# Botanical visit to China



## cnycharles (Feb 8, 2013)

I was made aware of this trip through a native orchid conference email list, and it turns out that the Perners are the hosts of the trip.

Information about the trip can be found on the info pdf

it's over 5mb and has amazing images of native cyps in situ, in flower! :drool: 
anyone who would like to sponsor me for this trip I could also look around for paphs and determine if those vietnamese paphs are actually growing in china, naturally


----------



## KyushuCalanthe (Feb 8, 2013)

Hey Charles, my sponsorship check is in the mail dude - but you have to sponsor me in return! Dr. Perner does great trips and I've told myself to squirrel enough money away to go on one and here goes another year I'll miss the chance... ah....
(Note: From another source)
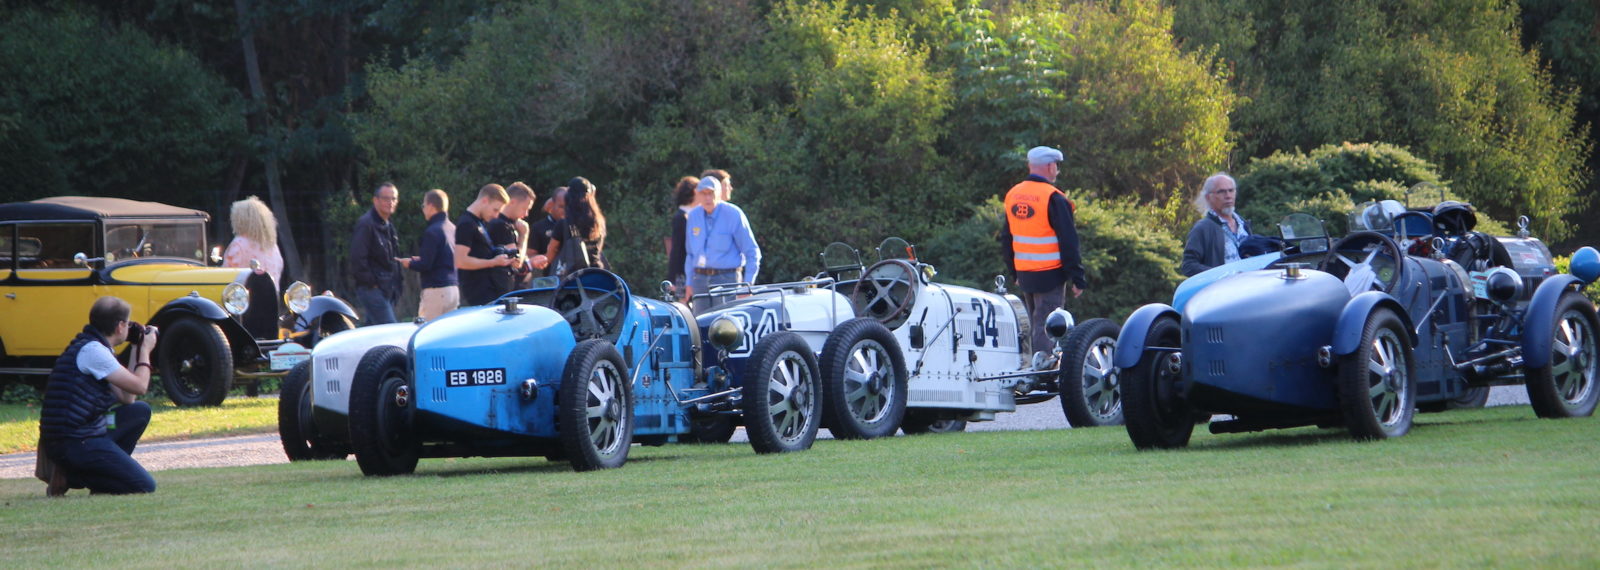 Présentation voitures Bugatti Molsheim
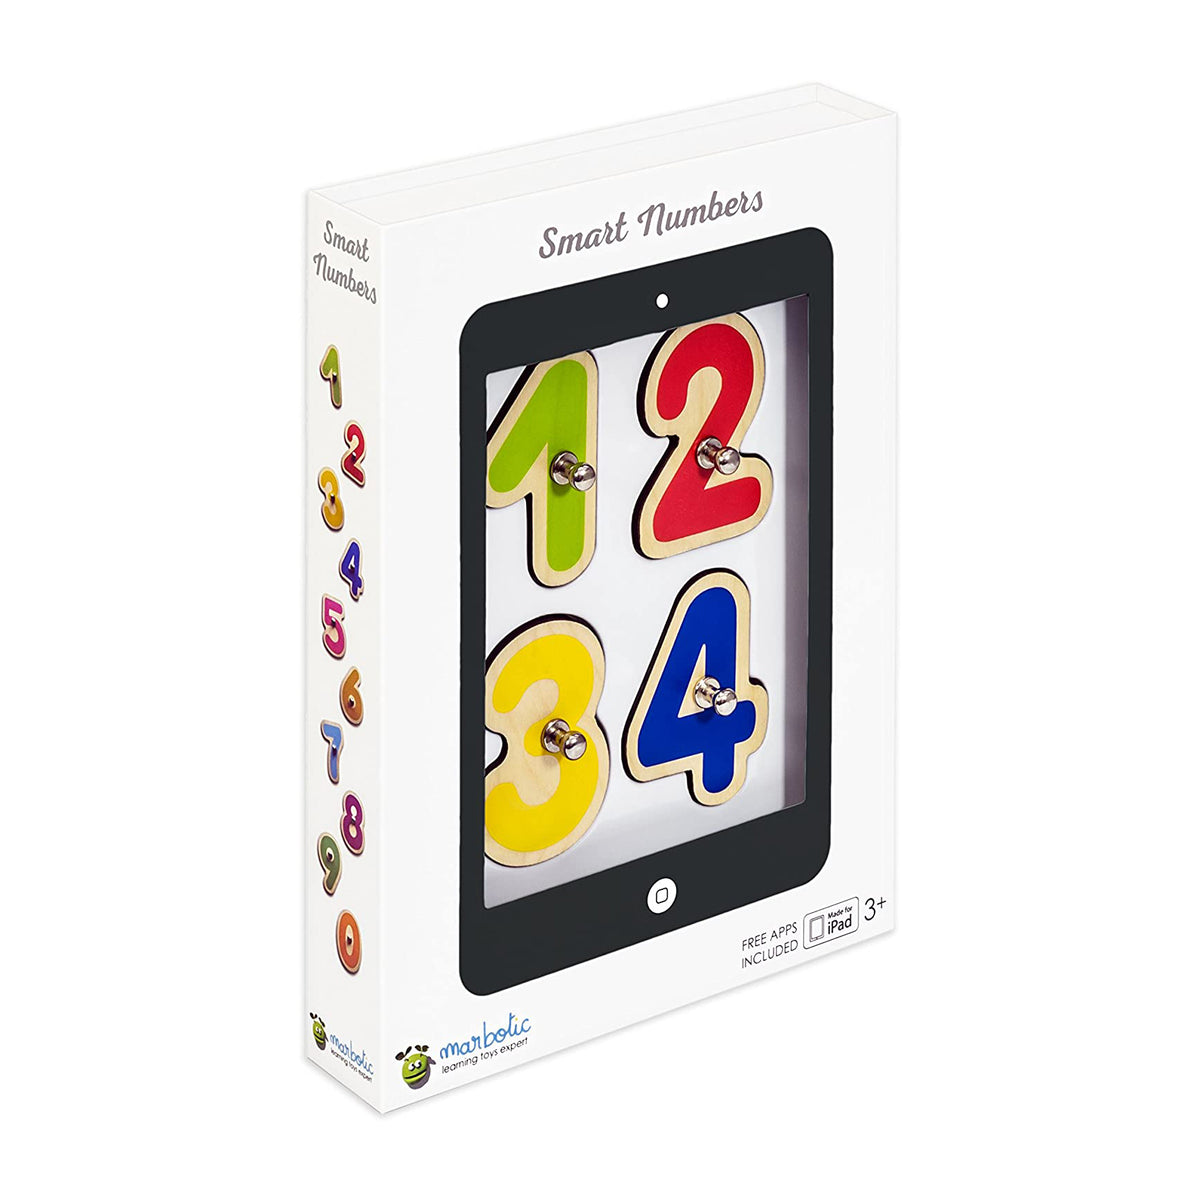 Marbotic números inteligentes, juego para tablets, niños de 3+ - Multimax

Besides, who can take 2 weeks off work at that time of year - hell, any time? Maybe when I've got 3 teeth left in my head!:rollhappy:


----------



## cnycharles (Feb 8, 2013)

i'm off from work right now  maybe someone can sponsor a private trip right away


----------



## NYEric (Feb 8, 2013)

Sell your body! :evil:


----------



## cnycharles (Feb 8, 2013)

i think i'll pass...

tom, i'll pay for your plane ticket to china, if you'll pay for mine...


----------



## mrhappyrotter (Feb 8, 2013)

Not that I have much/any money to donate to cause, but if I did have a few dollars to give to the cause, how would/should I go about giving money?

Those photos are stunning. I'd love to be a part of the effort to send you on such a wonderful trip if only for the gratification of seeing the photos that you'd take.


----------



## KyushuCalanthe (Feb 9, 2013)

cnycharles said:


> tom, i'll pay for your plane ticket to china, if you'll pay for mine...



Hey Charles, wow that just ain't fair!



mrhappyrotter said:


> Not that I have much/any money to donate to cause, but if I did have a few dollars to give to the cause, how would/should I go about giving money?
> 
> Those photos are stunning. I'd love to be a part of the effort to send you on such a wonderful trip if only for the gratification of seeing the photos that you'd take.



Ooh, ooh, pick me, pick me!


----------



## Ozpaph (Feb 9, 2013)

looks very interesting


----------



## Clark (Feb 9, 2013)

mrhappyrotter said:


> Not that I have much/any money to donate to cause, but if I did have a few dollars to give to the cause, how would/should I go about giving money?



PM me your credit card #, experation date, and the three digit number on back of card.
You're in good hands.:evil:


----------



## cnycharles (Feb 9, 2013)

Clark said:


> PM me your credit card #, experation date, and the three digit number on back of card.
> You're in good hands.:evil:



hey, your lenses are all telephoto; if the orchid was growing up on a cliff then you'd be all set!:rollhappy: actually, though I have macro lenses my camera has a small receiver plate (not the full-sized one on prof. cameras) so that scenario makes my 40 and 105 mm lenses into like 70 and 130; hard to get nice, wide-angle images (though I guess a sponsor could buy me a new camera setup, or ..... )

at the moment I wouldn't be able to accept any donations, but at future time might be possible. but just the thought that someone might actually take me seriously is very nice, though 

maybe buying a plane ticket on layaway.... 

though seriously if someone wanted to take me seriously, i'm sure some way could be found (what the heck)




KyushuCalanthe said:


> Ooh, ooh, pick me, pick me!


tom's plane ticket 'would' be a lot cheaper than mine, though.... 

 can you imagine someone actually sponsoring someone for something like that?! many of the 'western' worlds' botanical treasures have come from this region of china, or nearby in mountainous areas that were spared from the ravages of glaciers


----------



## Clark (Feb 9, 2013)

I have macro lens for while, maybe five years.
Funny you mention macro, been window shopping this puppy for the last two weekends-
http://www.bhphotovideo.com/c/product/183199-USA/Canon_2540A002_Macro_Photo_MP_E_65mm.html

Can't decide between lens, or pony ride on P-51 Mustang this year. 
Lens would need other gadgets to make work.
Pony ride is 35 minutes.
hmmmm.


----------



## cnycharles (Feb 9, 2013)

lens won't make you yell, 'wahoooooooo!!!'  (for 35 minutes, and then a few more after you're back on the ground)

I read the reviews; the page took a while to load (dialup, safari not so good). it looks like a fine piece of equipment, but not if you are going to have objects that move, or you are afraid of dust inside of it. you definitely would need a slide rail, and a good one without slop, and then lots of time to fiddle around. since no real focus and high zoom (if you use the high zoom; if not then not worth the money), that makes the depth of field very small. if your bug, butterfly or flower is moving then it would be a pain, and if you are taking standard, up-close flower or other pictures then likely you wouldn't want to use or pay for the zoom. but, if you want still, excellent micro-zooms and want to get into very up close for lots of images to make the cost worth it, then why not (unless you are concerned about dust inside of the lens and then cleaning)


----------



## Clark (Feb 9, 2013)

This is the other gadget to use with rail.
http://www.zerenesystems.com/cms/home

I know, the pony ride one just shows up and pays. This macro thing, one has to work at it.
The other thing about this lens, the subject has to be lit up. So some dollars for some lighting.


----------